==== Raw data
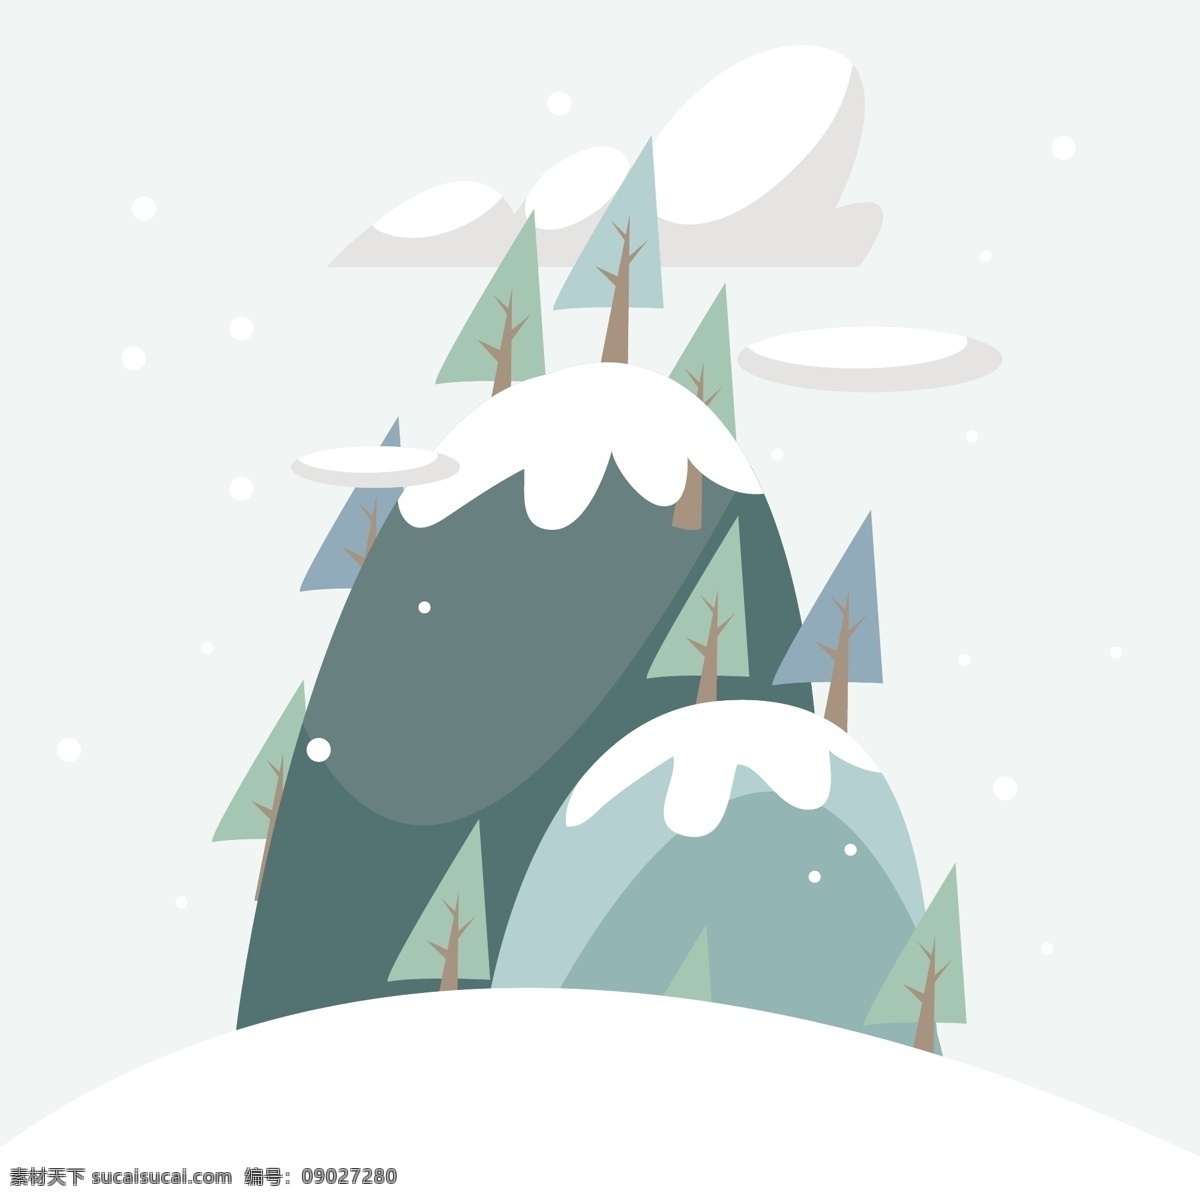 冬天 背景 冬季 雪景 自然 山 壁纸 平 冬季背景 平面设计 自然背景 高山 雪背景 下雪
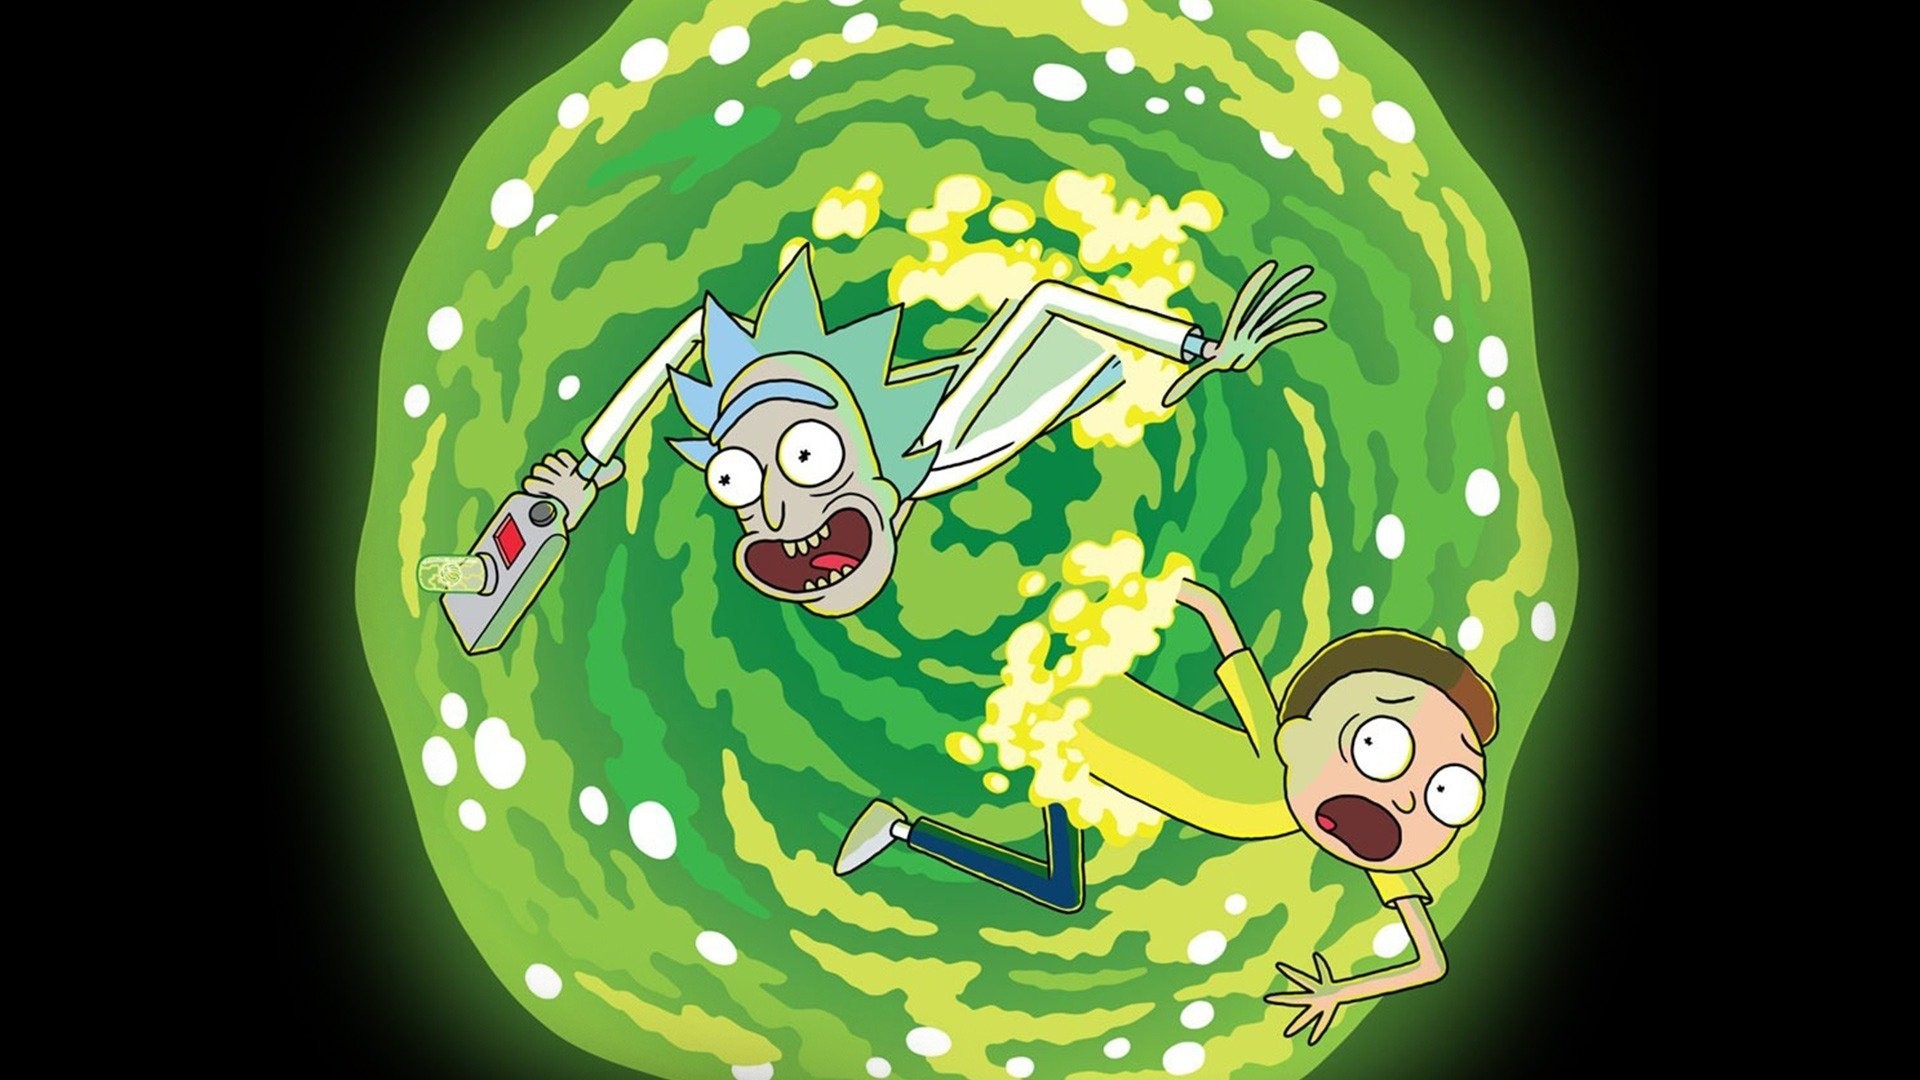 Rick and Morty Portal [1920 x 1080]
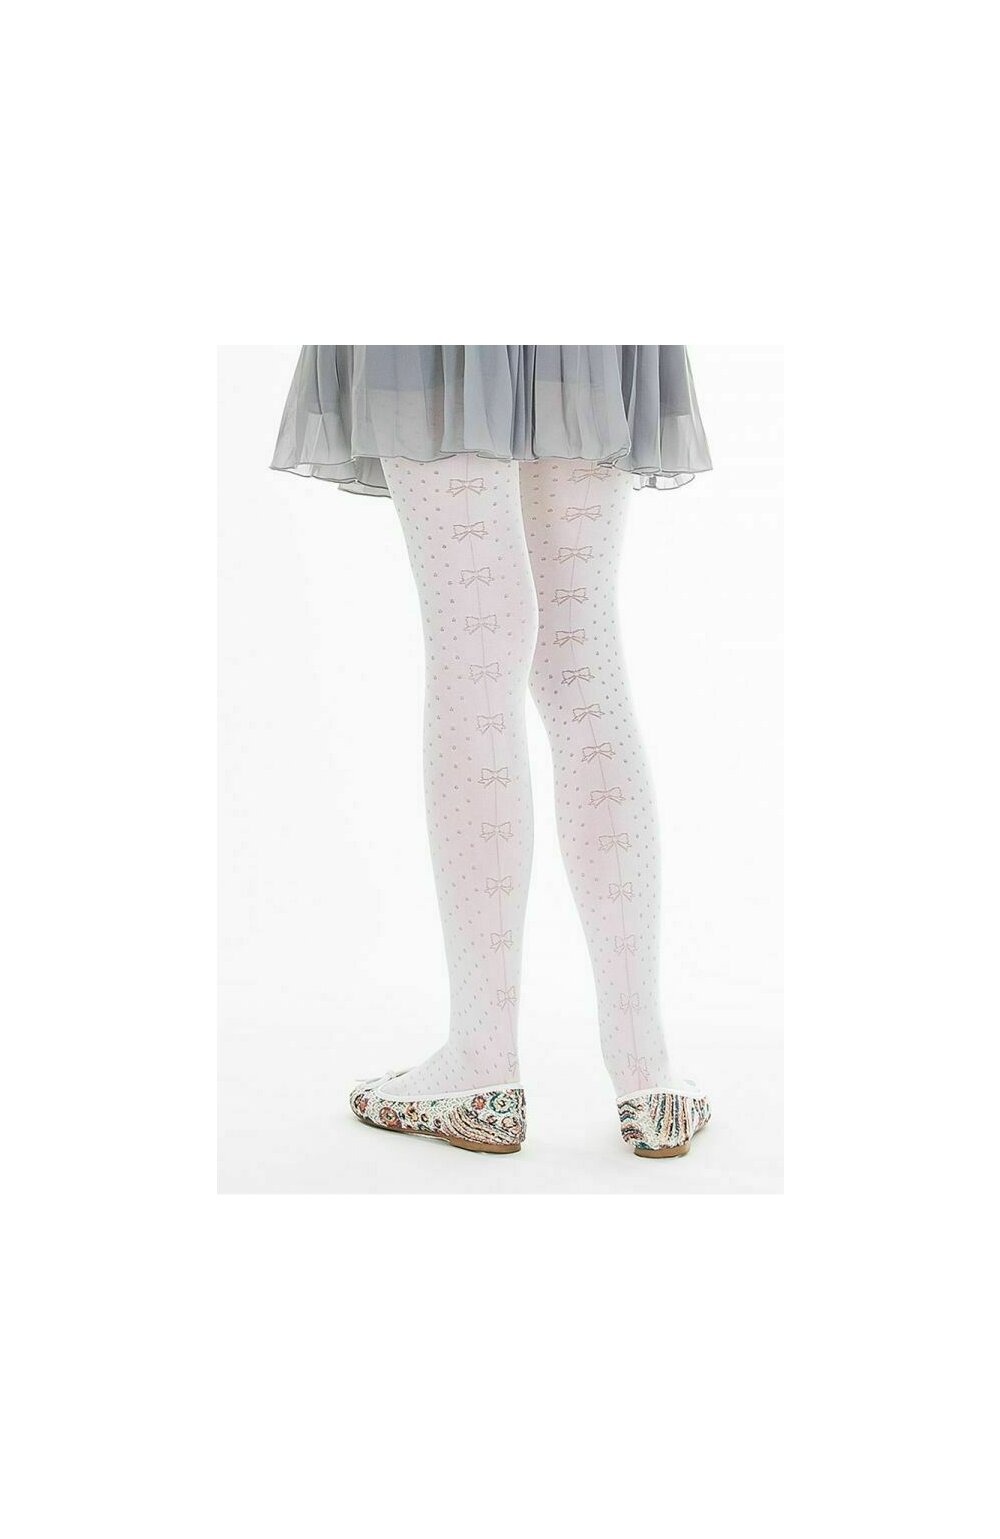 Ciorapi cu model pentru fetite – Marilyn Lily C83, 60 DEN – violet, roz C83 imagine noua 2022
========
### The task
What you return should be the exact lines from the one containing "Rick and Morty Portal [1920 x 1080]" through the end of the listing above, both included, minus any pictures.

### Solution to the exercise
 Rick and Morty Portal [1920 x 1080]
 Ciorapi cu model pentru fetite – Marilyn Lily C83, 60 DEN – violet, roz C83 imagine noua 2022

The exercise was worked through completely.